Shouldn’t we be aiming for people that consistently excel?

Shouldn’t we strive to create settings in which our employees can thrive? Environments that have a direct impact on efficiency?

And finally, is it really necessary to measure whether or not people work full time in 2021?

I personally don’t care about full-time vs. part-time work. I believe it’s time to stop measuring productivity in hours spent on the job and start measuring employee success in terms of timely meeting their work goals.

I recall spending far too many days at my desk simply because I had to be there, even if I had completed my work for the day, week, or even month.

And I know what you’re thinking: “Why didn’t you ask for more work?” or “How come you didn’t take the initiative to work on other projects?”

Believe me, I did it plenty of times. However, too many times I heard: “Chill, relax, you’re making everyone else look bad!” So eventually you become institutionalized.

We should never fear being labelled an overachiever.

The point I am trying to make is this:

Why are we putting people in a position where they should choose between working full time or finding an alternative?

And, in doing so, do we alienate the ones we most need? Isn’t it better to have a great employee working part-time rather than losing them in the first place?

Looking back on my career, I can pinpoint plenty of instances where I left a particular position and sought a new source of inspiration because I felt under-challenged.

I frequently wonder what would have happened or how my career may have turned out if my boss at the time had just said: “Dom, if you are done with your job on Thursday, just go take the day off, maybe go to the beach, take that scuba diving course you mentioned”.

I think about parents, and how many of them would not have given up on their dream job if their employers had been more flexible in their work-life integration.

Just yesterday, I had a long-time friend, a recent dad, telling me that he is shifting to part-time, 20 hours a week. It fits in better with his new lifestyle choices and will allow him to spend more time with his daughter. The employer really supported him in his choice. In fact, the organization has been preparing for it over the last couple of months by training and upskilling other staff members to take over some of his tasks.

Sometimes, it may just be a matter of weeks or months, instances of minor priorities that are important to employees. It may be all they need to remain engaged and loyal to the organization.

I understand that some jobs/industries may require a 5-day workweek or 24/7 availability, but in my experience, when employees are given the freedom to choose their own tasks, plan their own schedules, and collaborate to meet weekly goals, they will more often than not find a way that works for everyone. More often than not, it results in a better solution than the one proposed by their leaders. More often than not, it results in increased employee autonomy, ownership, efficiency, and satisfaction.

So what’s wrong with having a C-level executive work part-time? Shouldn’t that be encouraged?

In some ways, wouldn’t that mean we’d have two or three more extra hands on deck? Maybe a couple more employees in our organization that we can now afford to hire, ready to step up if they are needed?
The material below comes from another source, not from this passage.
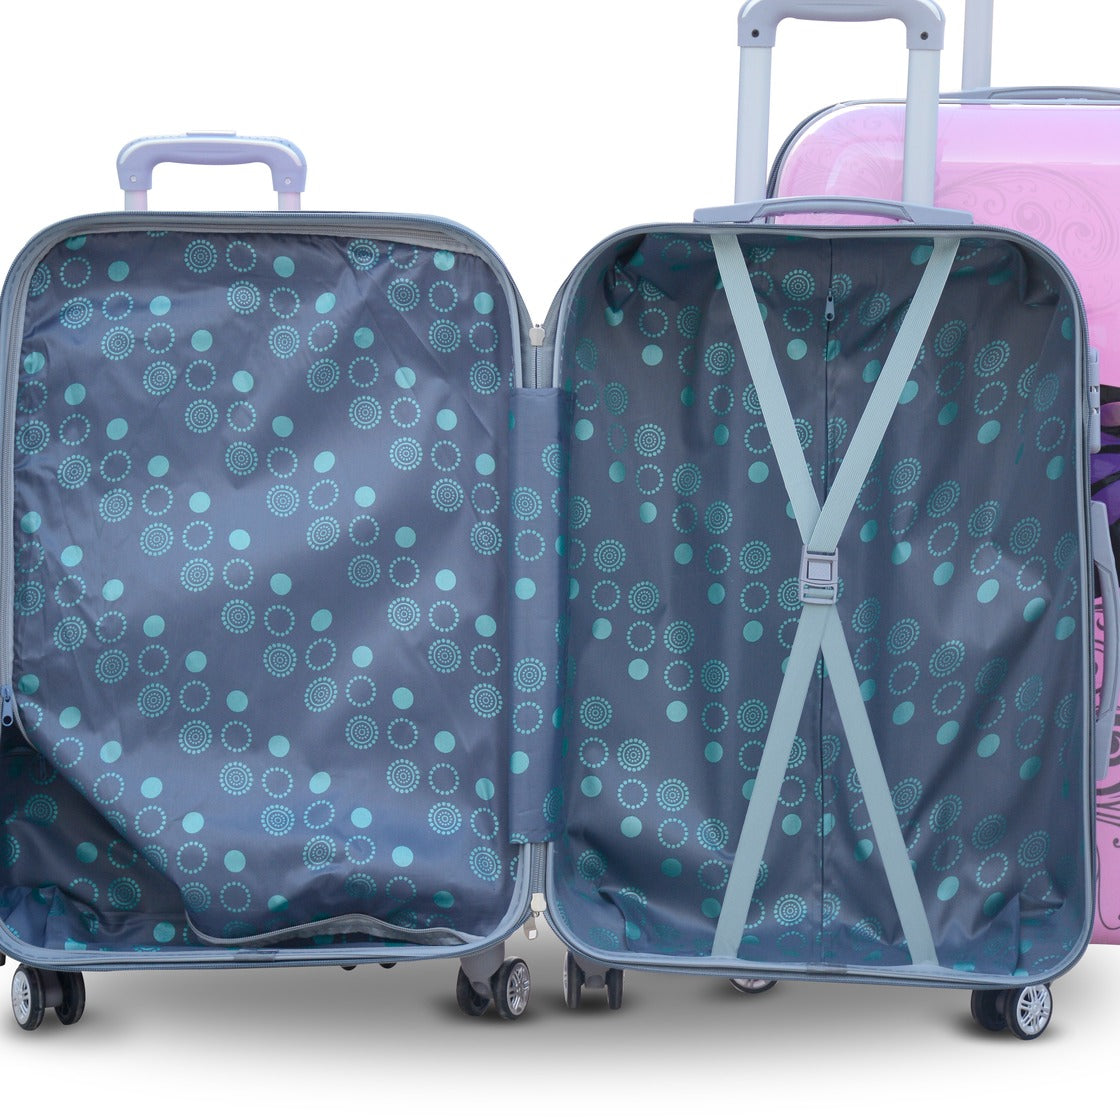 28" Pink Colour Printed Butterfly ABS Luggage Lightweight Hard Case Trolley Bag

I am absolutely convinced that work-life integration is the way forward. A work world in which employees are empowered to contribute and think for themselves. To put it in Semco Style terms, a work world where employees are truly treated like adults. Responsible adults that are happy to solve challenges, contribute and come up with rational solutions that serve all stakeholders.

At the same time, I am left wondering, almost curious. How much great talent is out there who would love to work for your organization but maybe on a part-time basis. That person might be all you need to push the division to the next level. I hope we are not going to filter them out solely because they can get the job done in 3 days instead of 5…
I am going to leave you on this note with a lot of Food for Thought.

Cannot wait to hear your thoughts and comments in regards.